[[ Dataset entries open ]]
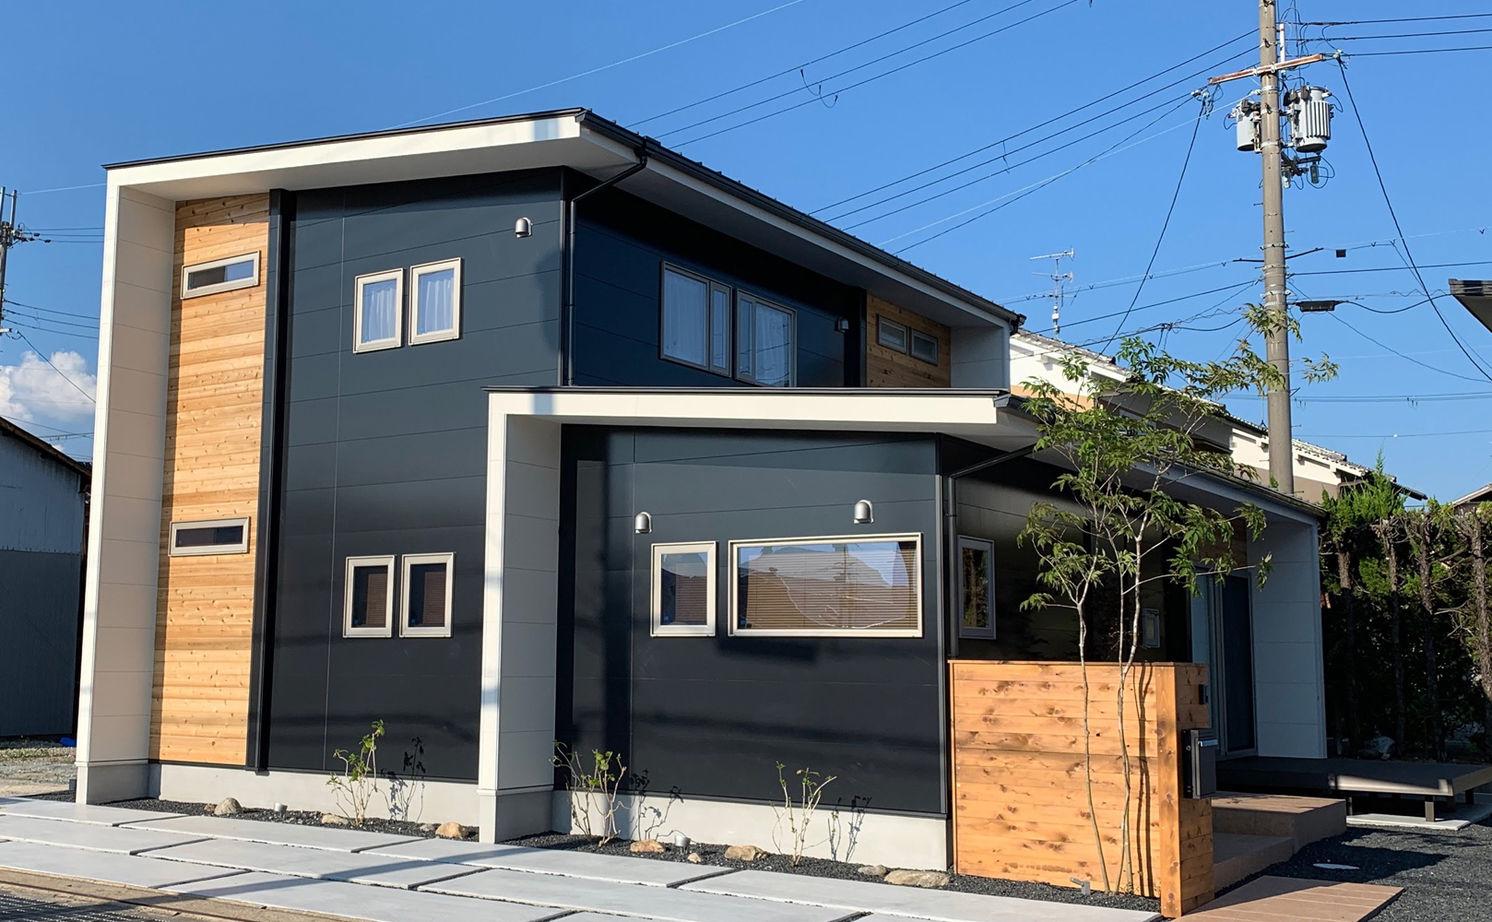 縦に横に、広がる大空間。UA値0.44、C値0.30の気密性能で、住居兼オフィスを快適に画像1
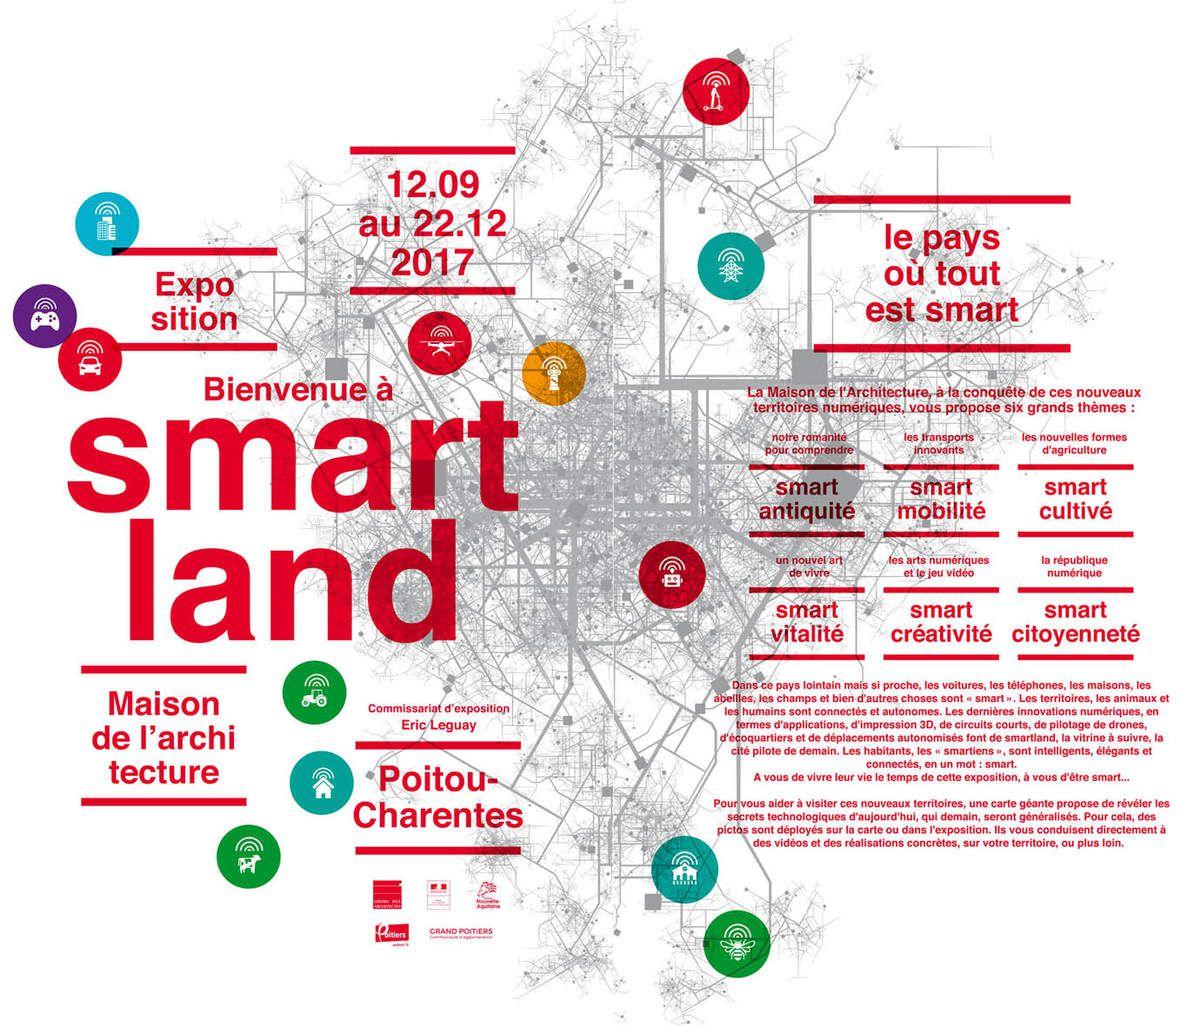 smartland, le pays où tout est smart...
[[ Dataset entries closed ]]
[[ Dataset entries open ]]
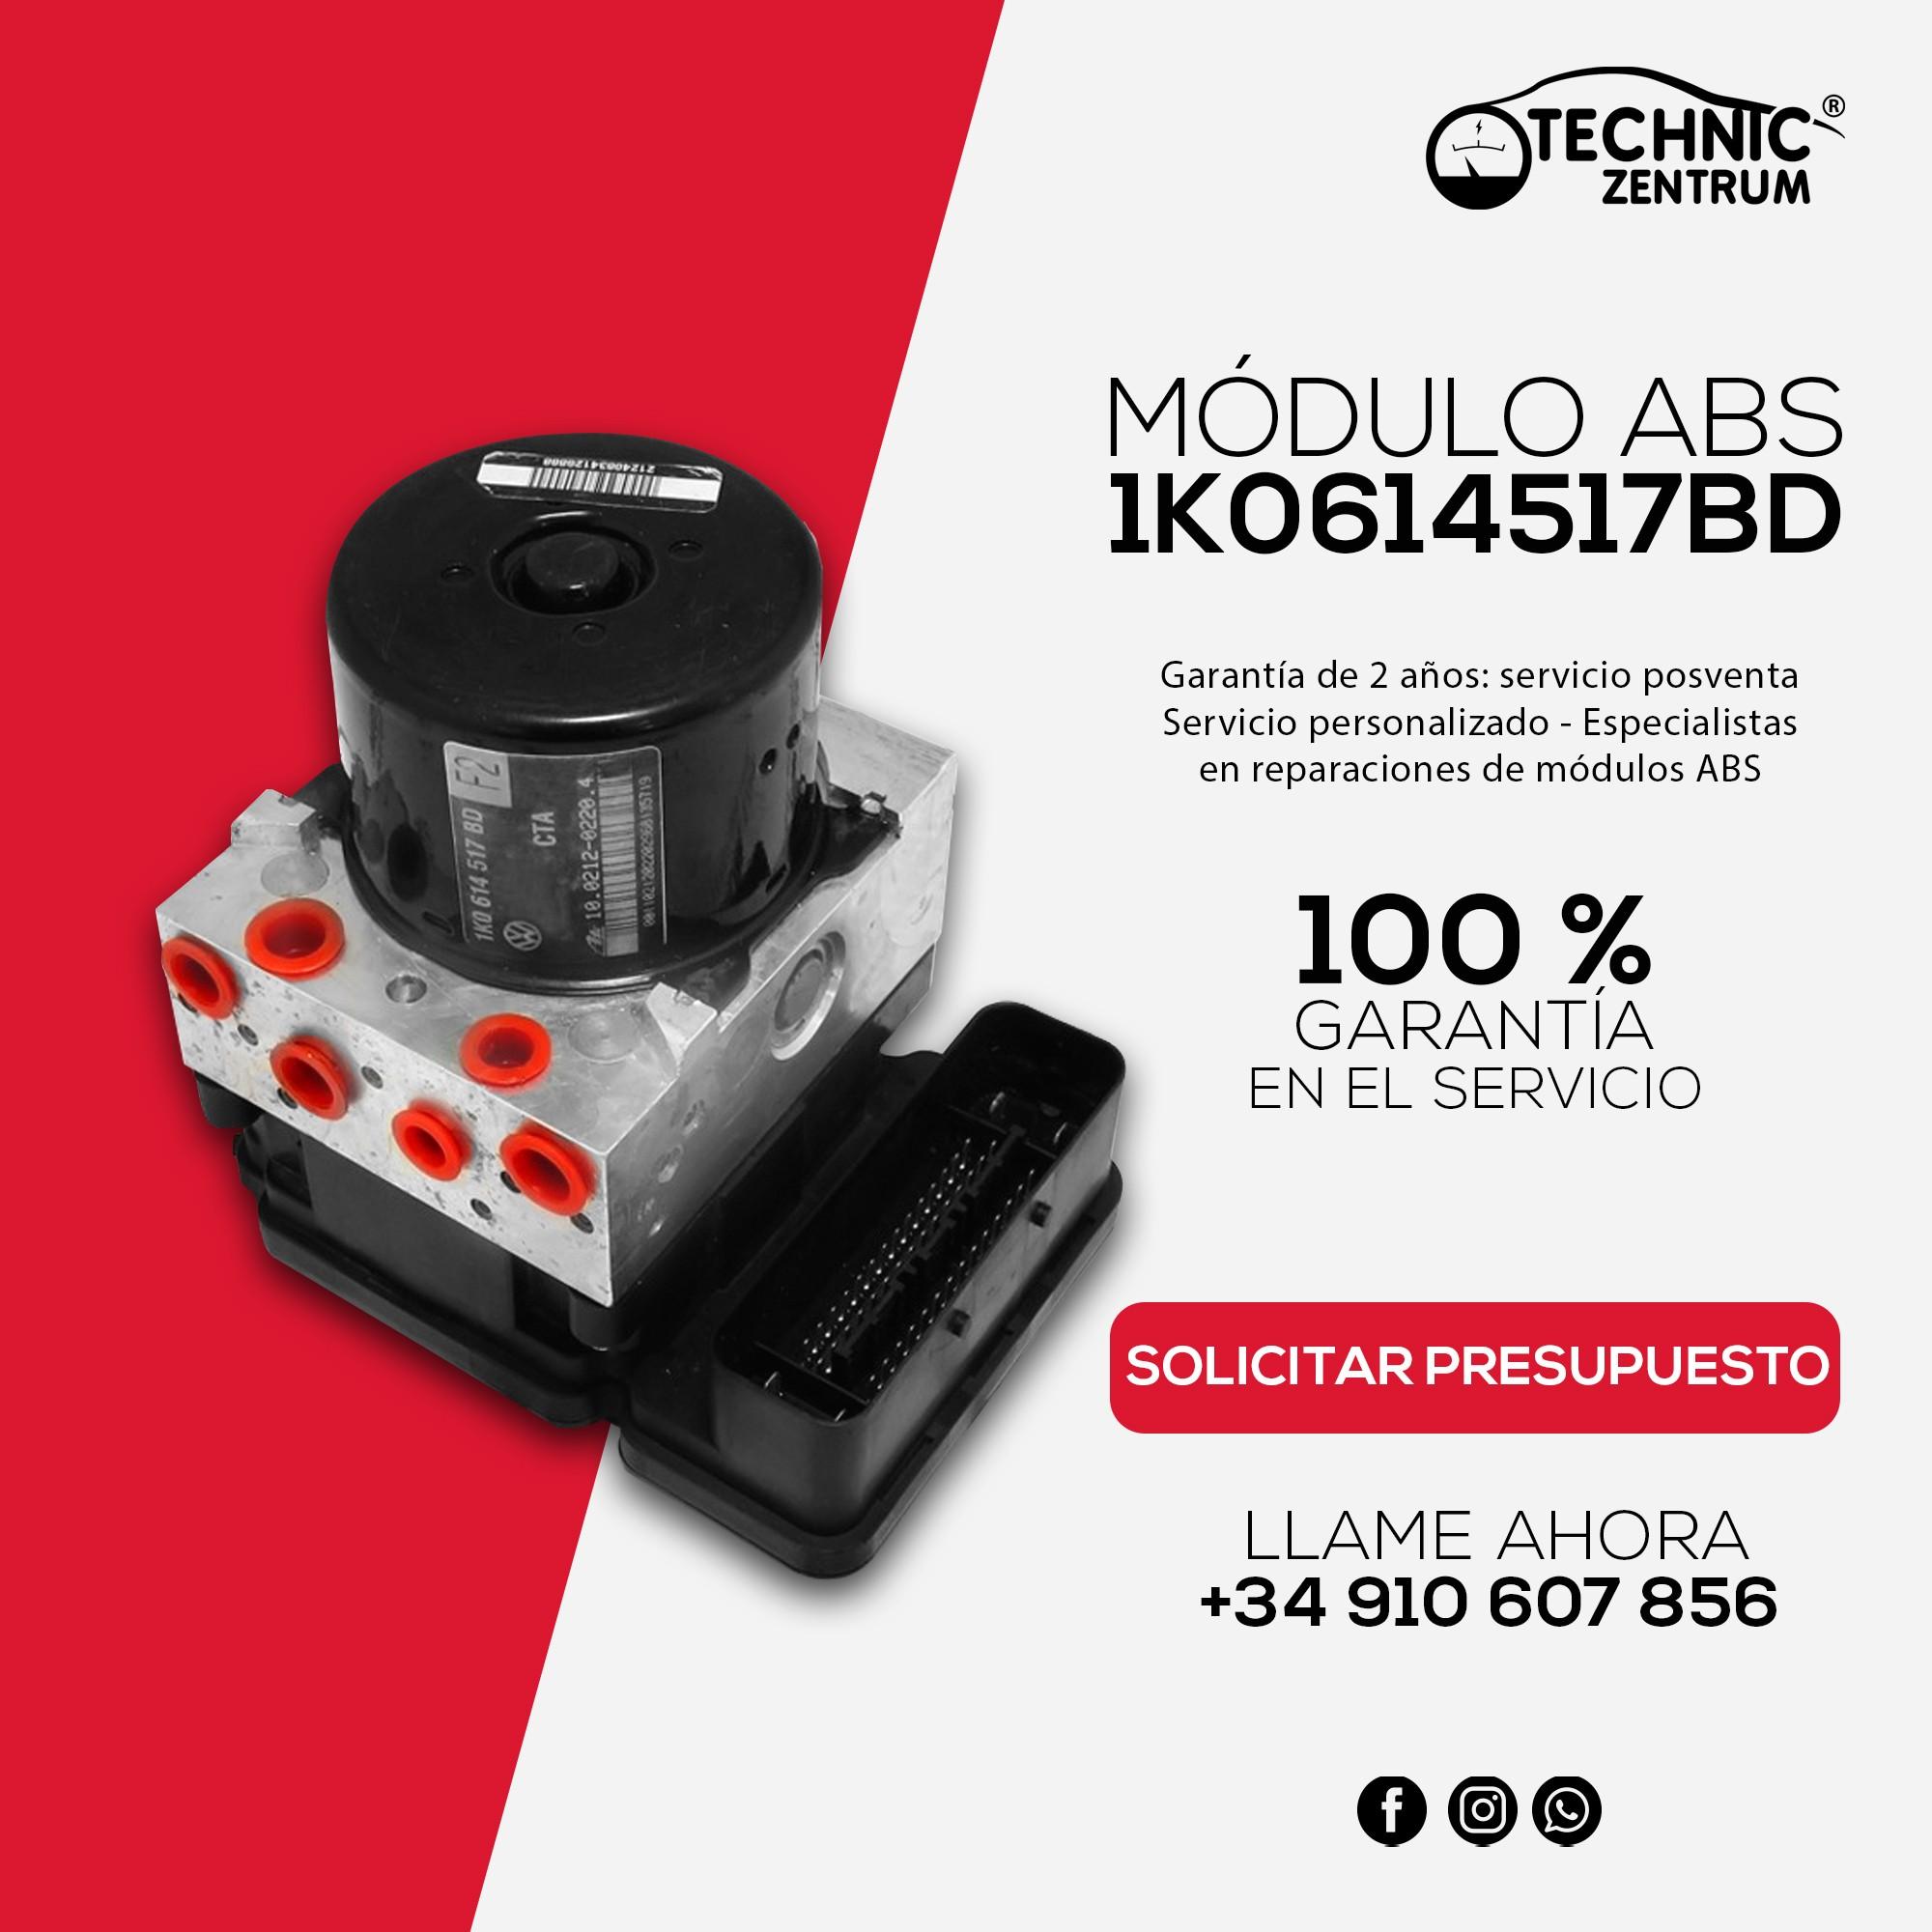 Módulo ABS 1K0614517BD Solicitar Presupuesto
[[ Dataset entries closed ]]
[[ Dataset entries open ]]
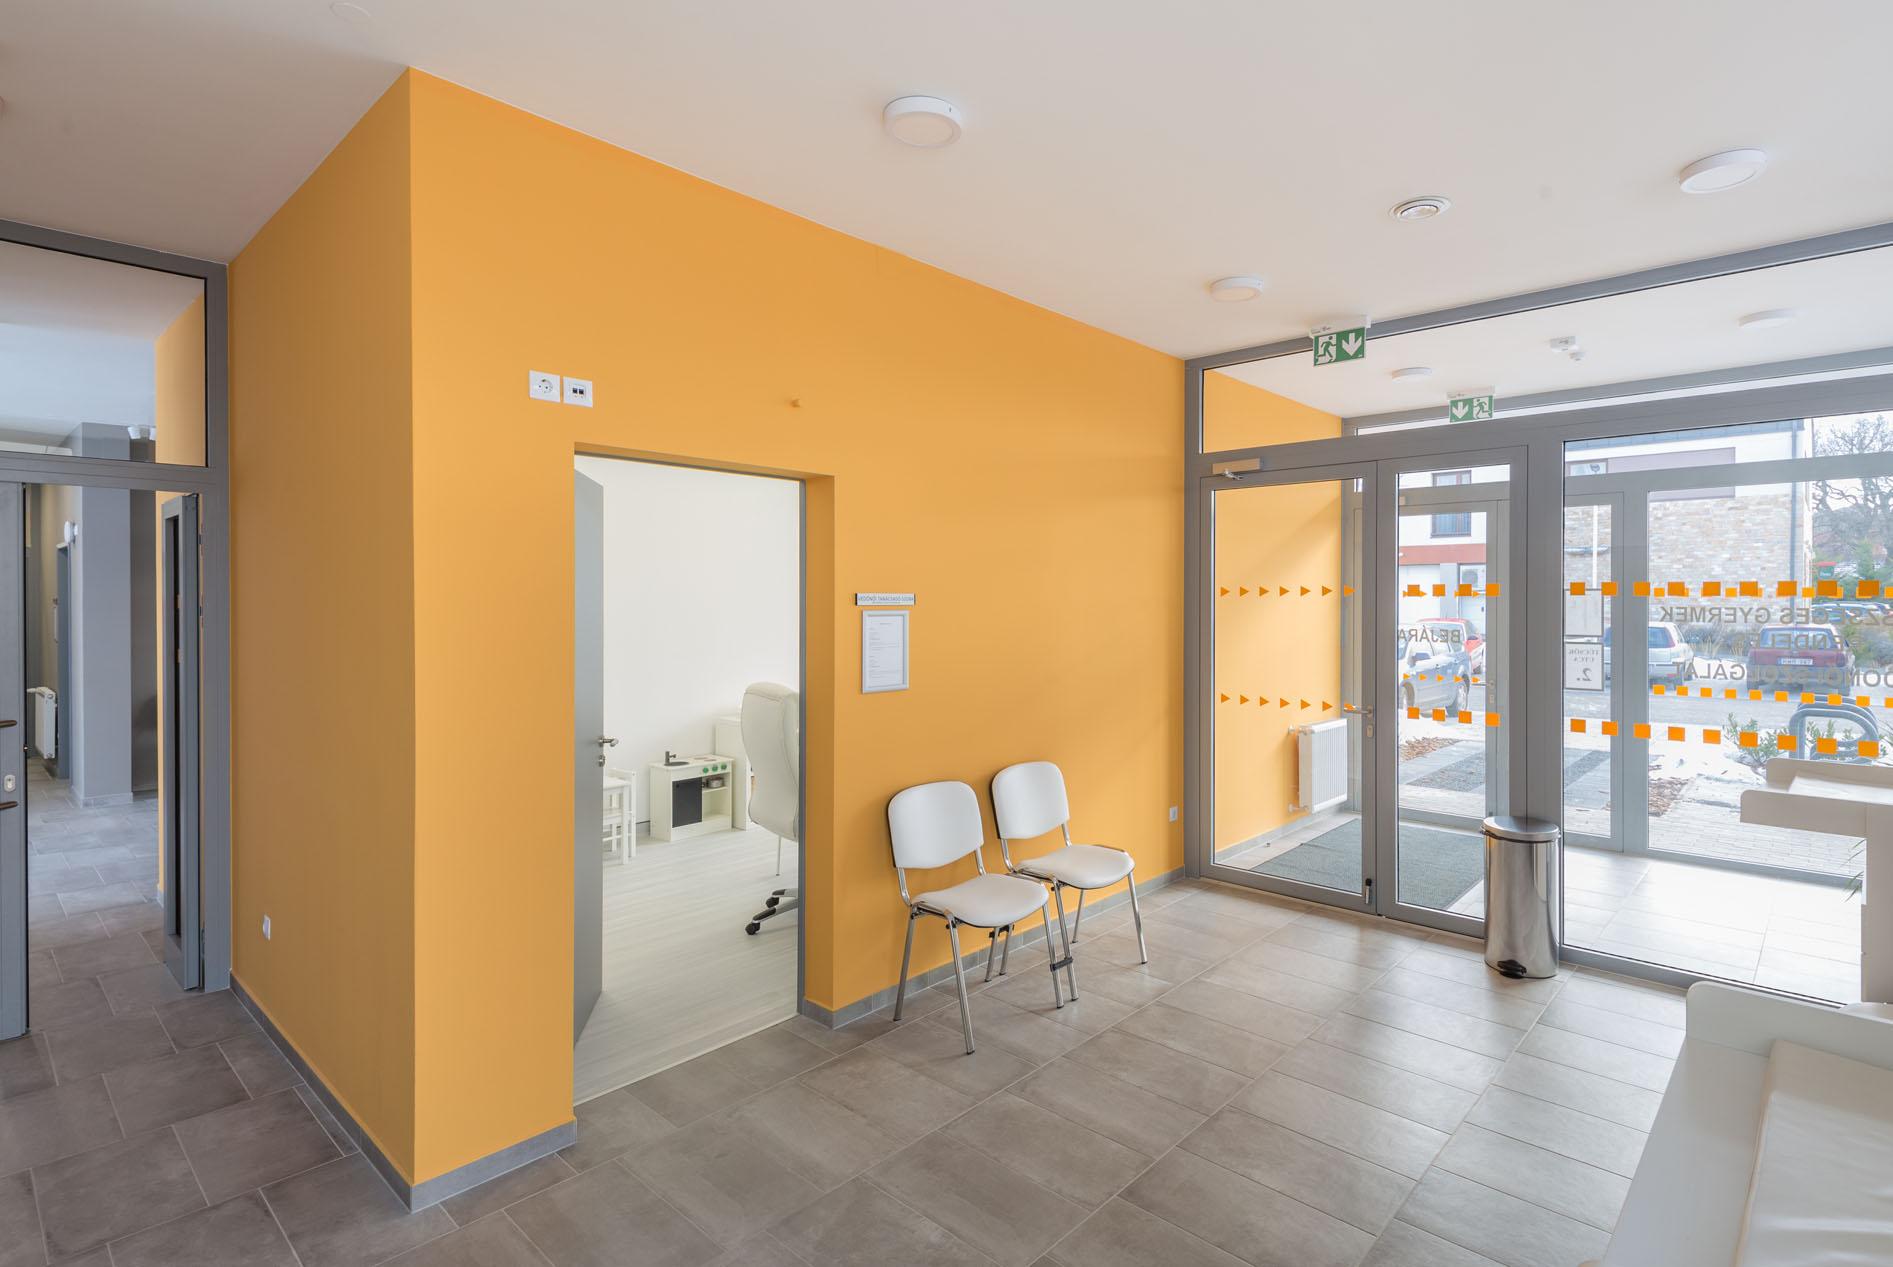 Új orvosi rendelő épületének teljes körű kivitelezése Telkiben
[[ Dataset entries closed ]]
### Requirement
Transcribe, from the material above, the stretch starting at the line with "縦に横に、広がる大空間。UA" and ending at the line with "smartland, le pays où tout est smart...", both included, exactly. Do not carry over pictures.

### Answer to this exercise
 縦に横に、広がる大空間。UA値0.44、C値0.30の気密性能で、住居兼オフィスを快適に画像1
 smartland, le pays où tout est smart...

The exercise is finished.